The second, more challenging part of the journey—organizational transformation—began in 2001.

“In the process of strategic transformation, we had a challenge: We were in a diversity of businesses from coffee to cat food to instant formula to ice cream, and even eye care,” he said. “In each of these businesses, you have competitors that tend to be very focused and very nimble and flexible. Some competitors are global, some are regional and local. Each one ... formidable.”

The challenge for Nestlé was to ensure that its size would not become a hindrance to its growth.

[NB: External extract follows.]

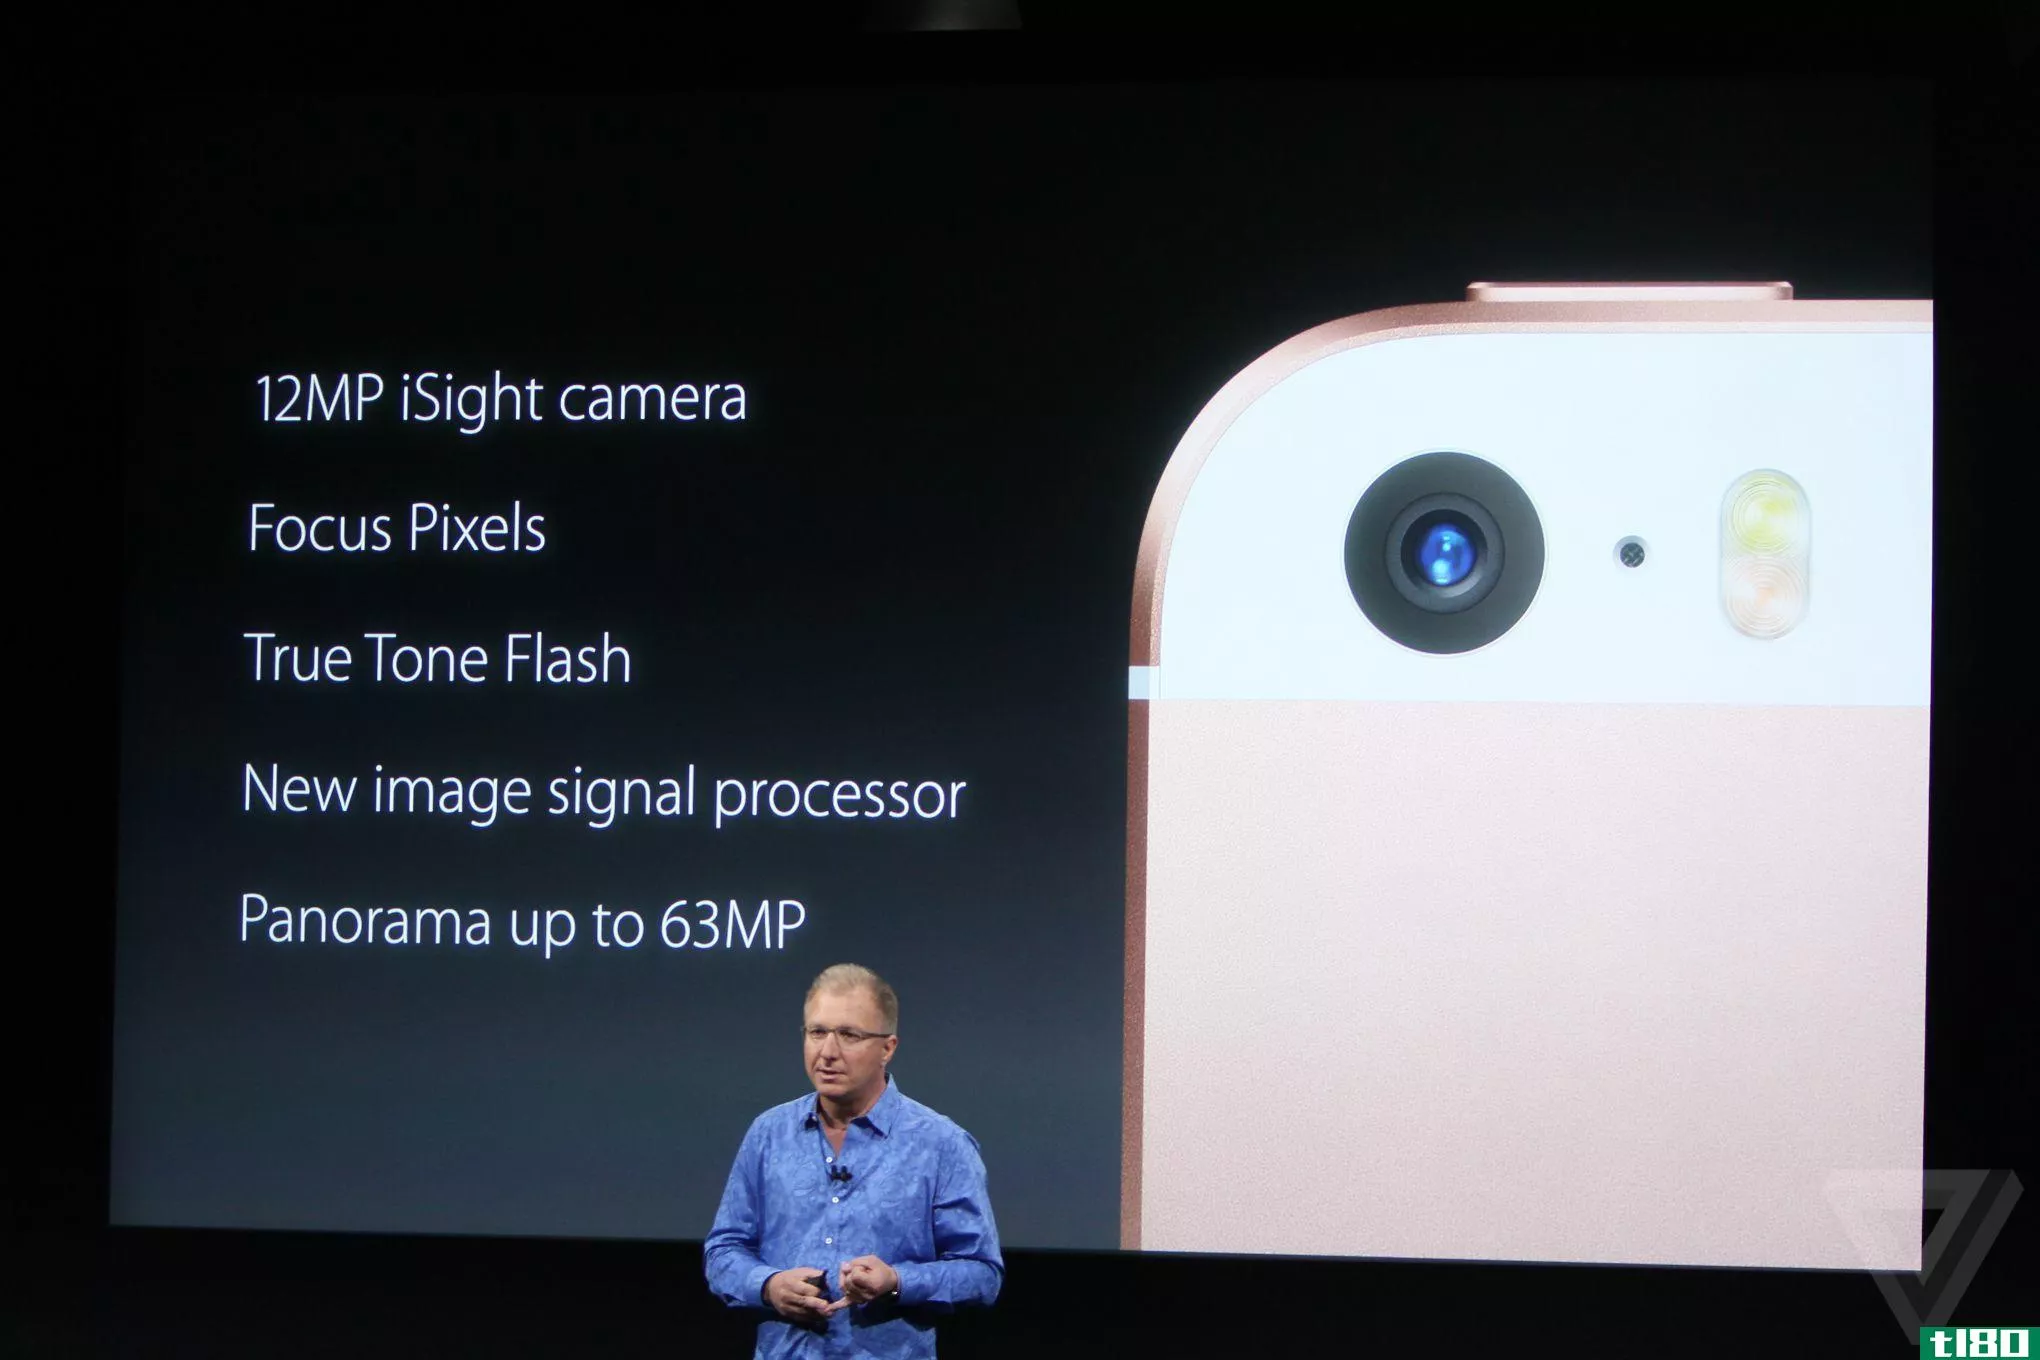 苹果新款iphone se的功能与iphone6s一样强大，并拥有相同的摄像头

“We had a fundamental choice,” Nandkishore said. “[We had] big scale which could be used for efficiency and low cost modeling, which is one paradigm—the Dell computer paradigm. That works. But then, someone came and said what you need to do to stay relevant is to be the Apple, which is, you need to innovate.

“The question was: Are you going to be the Dell or are you going to be the Apple?” he said. “[Brabeck] basically said we would like to be both.”

To do this, Nestlé broke up the organization to create business units which will function like individual companies. It will be their job to be the innovators, the “transformators,” in the mold of the iconic Apple Computer Inc.


Sizing down

“We’ll break it up from being a supertanker to being a flotilla of small, agile ships with a mother refueling ship whose job it is to have the lowest cost,” Nandkishore explained, using another metaphor. “So you leverage scale and you free these guys to be nimble and agile.”

“When I came here in 2003, the company had already started on this journey,” he said. “What I did was, I went out and preached to everybody Brabeck’s vision [on] why we need to change and how we need to change.”

The new thrust was welcomed by the majority.

“I found that people were very willing to embrace the change,” he said. “I find that Filipinos are very eager to embrace change.”

The result is a revitalized Nestlé Philippines today.

“We have a hundred years of history in the Philippines. That’s a hundred years of momentum. For someone like me, the first thing you realize when you come in is that you owe a huge debt to the generations who came ahead of you—the people who built the company to what it is today.”